Definitivamente, sin desmerecer la tenacidad, entereza y brío, la resistencia era inalcanzable y Blas de Lezo no le quedó otra que decidir el repliegue, destruyendo e incendiando sus embarcaciones en la bocana, para imposibilitar o al menos demorar, la progresión de los ingleses. Curiosamente, al alcanzar el Fuerte de San Luis, Vernon dio por hecha la victoria, contagiado por el entusiasmo, vendió la piel del oso sin haberlo cazado, porque a la hora de la verdad, Blas de Lezo tenía mucho que decir.

Interpretando que aumentando el trazo defensivo era baldío, apiñó sus energías en medios específicos, los más difíciles y mejor atrincherados que había. Conjuntamente, hundió los dos navíos que le quedaban, fondeados en Boca Grande, para precaver que las flotas contendientes no se arrimaran.

De esta manera, el acometimiento se condensó en el Castillo de San Felipe de Barajas, guarnecido con 600 españoles, a diferencia de los 3.500 soldados rivales en el que se dilucidaría el ser o no ser de la casta hispana.

Sobrellevando el primer y segundo embate, Vernon, irritado, pretendió forcejar la irrupción con escalas y granadas. Simultáneamente, manos a la obra, Blas de Lezo obró un foso alrededor de la fortificación, incrementando la elevación de la muralla.

Valiéndose de la desorganización británica para redoblar su ataque desde las almenas, se encaramaron con bayoneta en mano para aniquilar a los asaltantes. La sobrehumana solidez coronó la moral de los españoles, que cualquier acto por temerario que se juzgase, resultaba ganador.

En el polo opuesto, los ingleses rozaban el infortunio. Totalizando veinte días con sus noches para imponerse en el primer obstáculo, los padecimientos tropicales reducían sus facultades. Los suministros faltaban y las decisiones de Vernon excesivamente apresuradas en sus planes, no agradaban a las altas esferas. El conato malogrado de invadir el Castillo de San Felipe de Barajas, se supo por los mismos prisioneros que sucumbían al compás de treinta cada veinticuatro horas.
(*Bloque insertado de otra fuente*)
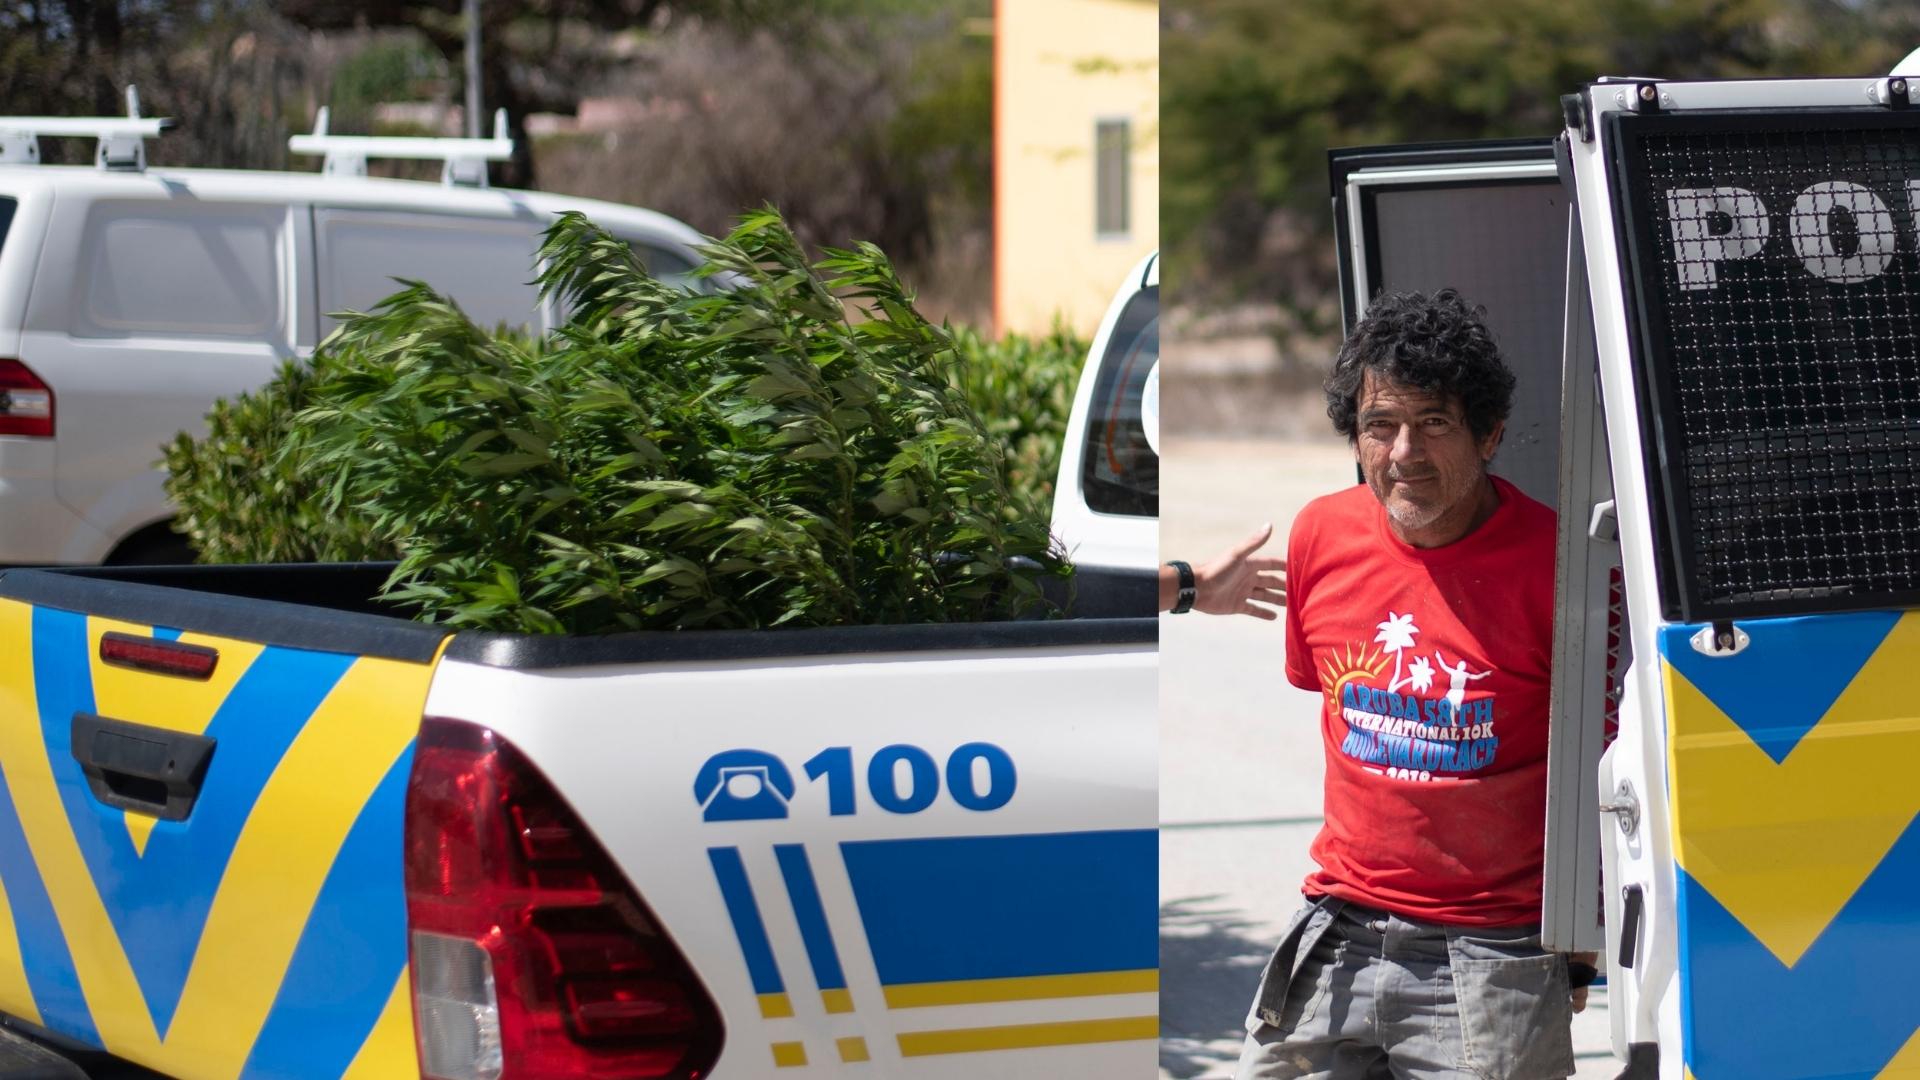 Deteni pa tin varios mata di marihuana

La última puja de Vernon la verificó desde el buque ‘Galicia’, transformado en batería flotante. Las series de costa repelieron la arremetida y los incesantes fracasos, llevó a los ingleses a la retirada. Los datos cuantitativos lo muestran todo: perecieron 9.000 hombres entre las bombas y las enfermedades infecciosas sistémicas y, al menos, 17 de sus naves se destruyeron.

Pocos meses transcurrieron cuando Blas de Lezo falleció en Cartagena; algunas fuentes revelan que por motivos de las lesiones que sostuvo en la batalla; otros, por las fiebres tifoideas que catapultaron a las tropas de Vernon.

Con el sucederse de los tiempos la estela del impertérrito y resuelto marino, hubieron de sumárseles la de un brillante estratega cuya intuición y maestría contrarrestaron a sus enemigos, perpetuándose por su sobresaliente, inigualable, excelsa y asombrosa intervención en el asedio de Cartagena de Indias.